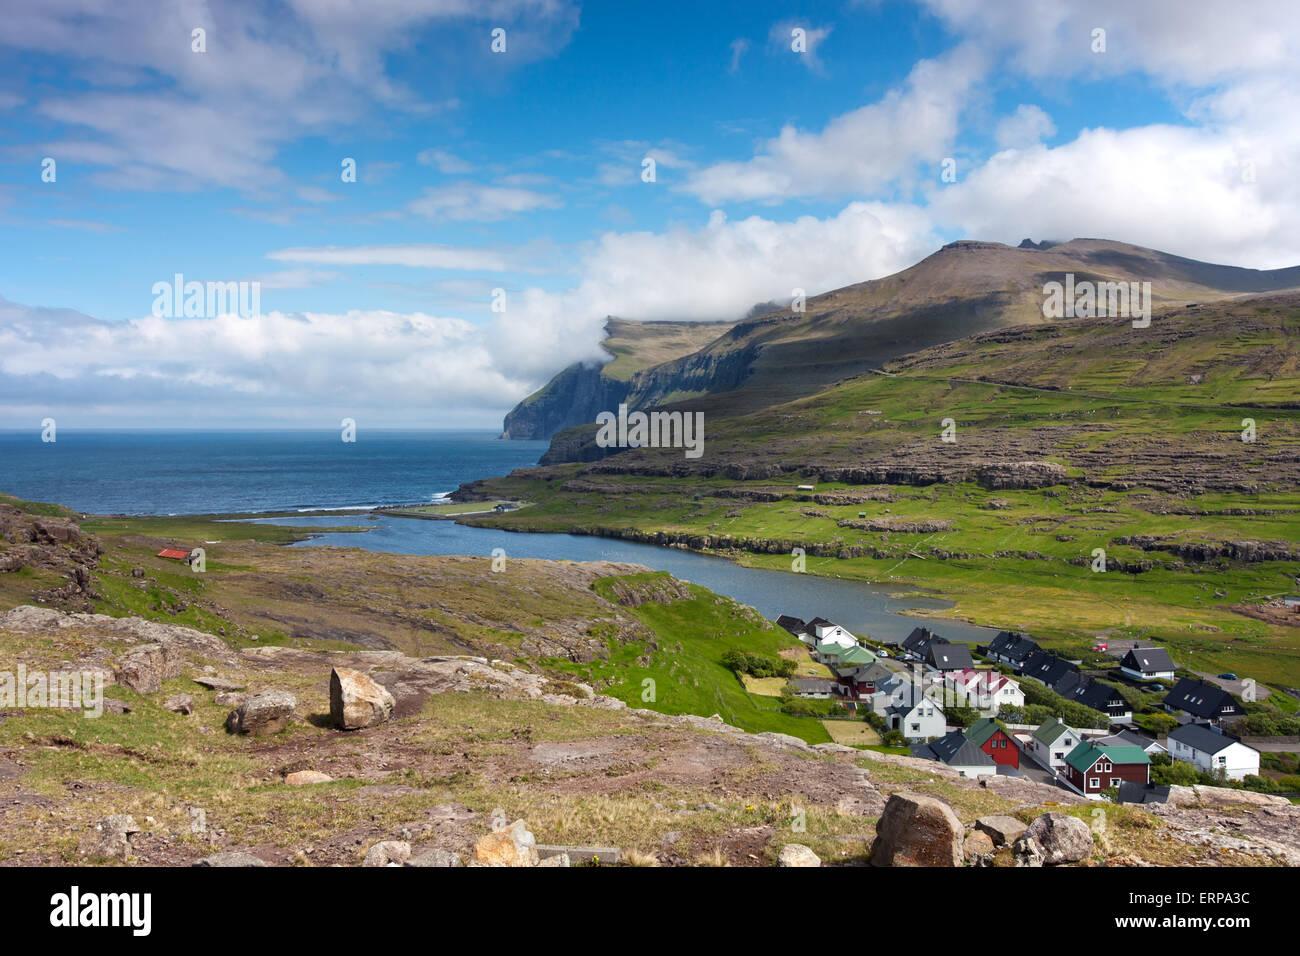 Îles Féroé, village entouré par une nature préservée Photo Stock
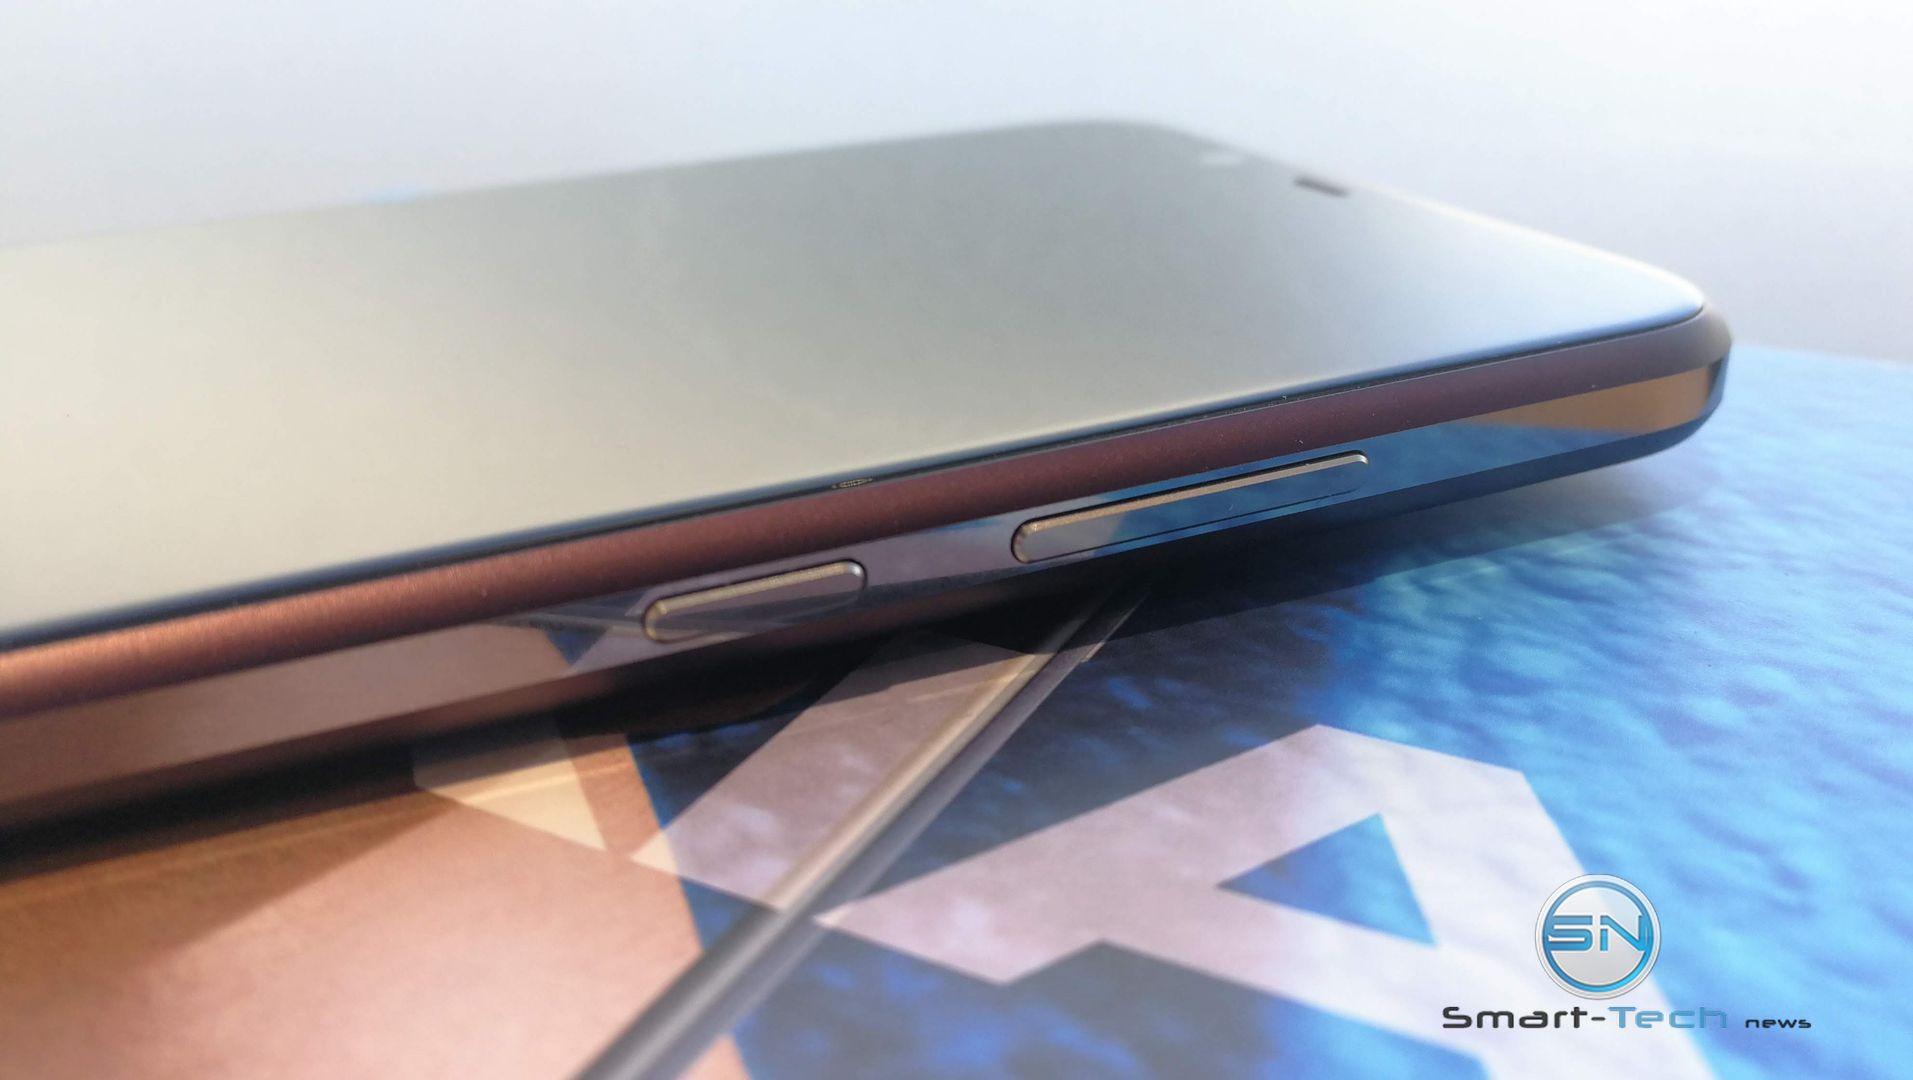 Schalter und Wippen - Nokia 8_1 - SmartTechNews
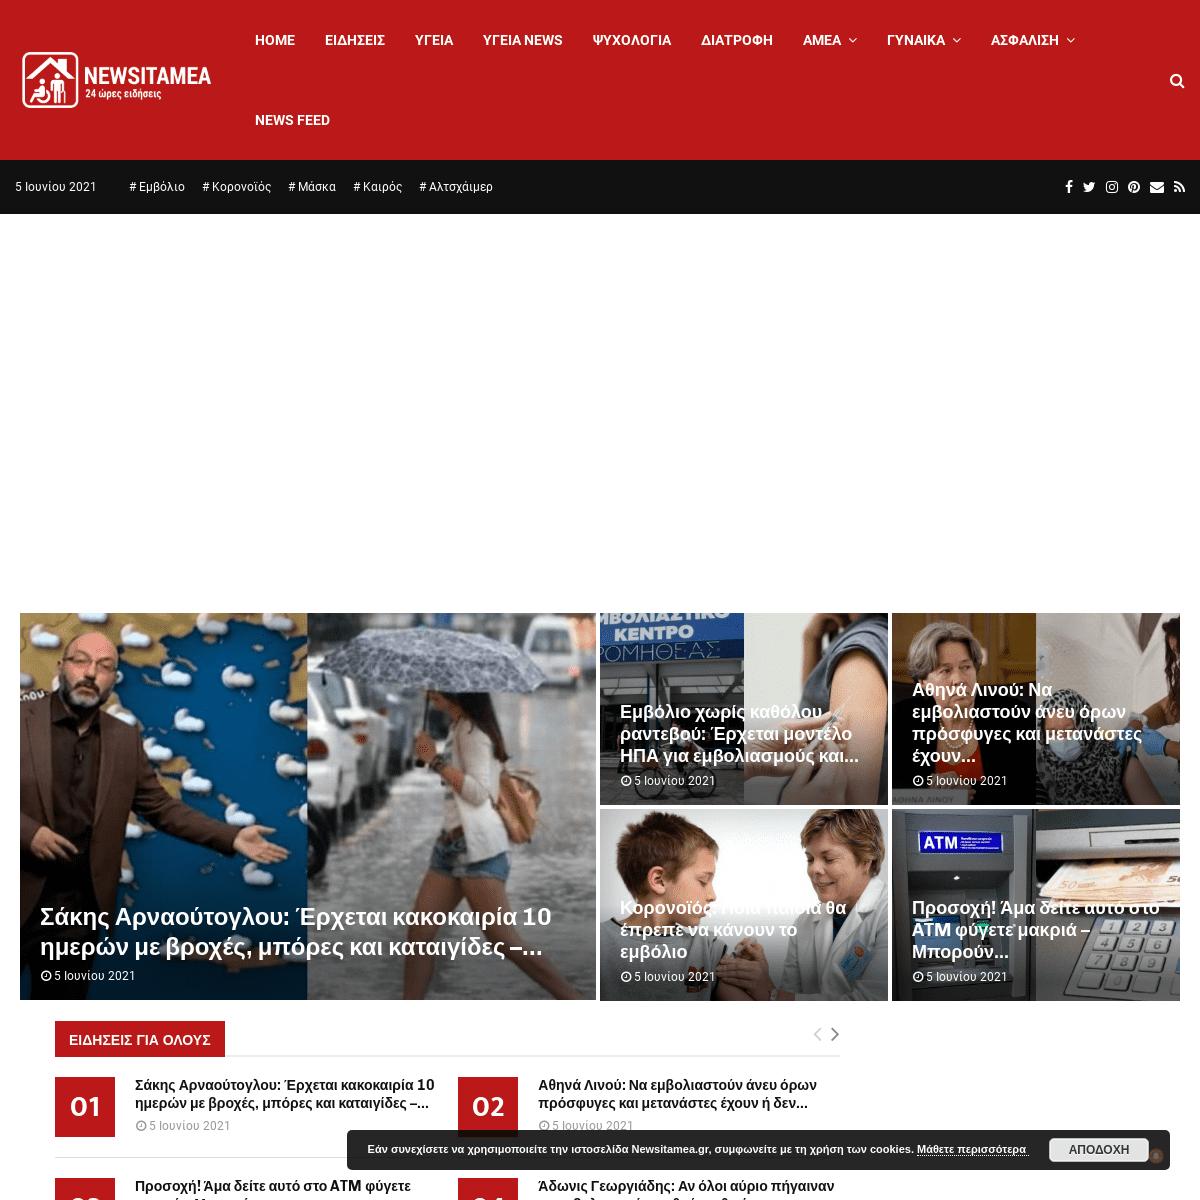 Ειδήσεις και νέα από την Ελλάδα και τον Κόσμο - Newsitamea.gr

__Goal of the exercise__:
What's needed is every line above, retyped exactly and free of pictures.

__Answer to the exercise__:
 Îles Féroé, village entouré par une nature préservée Photo Stock
 Schalter und Wippen - Nokia 8_1 - SmartTechNews
 Ειδήσεις και νέα από την Ελλάδα και τον Κόσμο - Newsitamea.gr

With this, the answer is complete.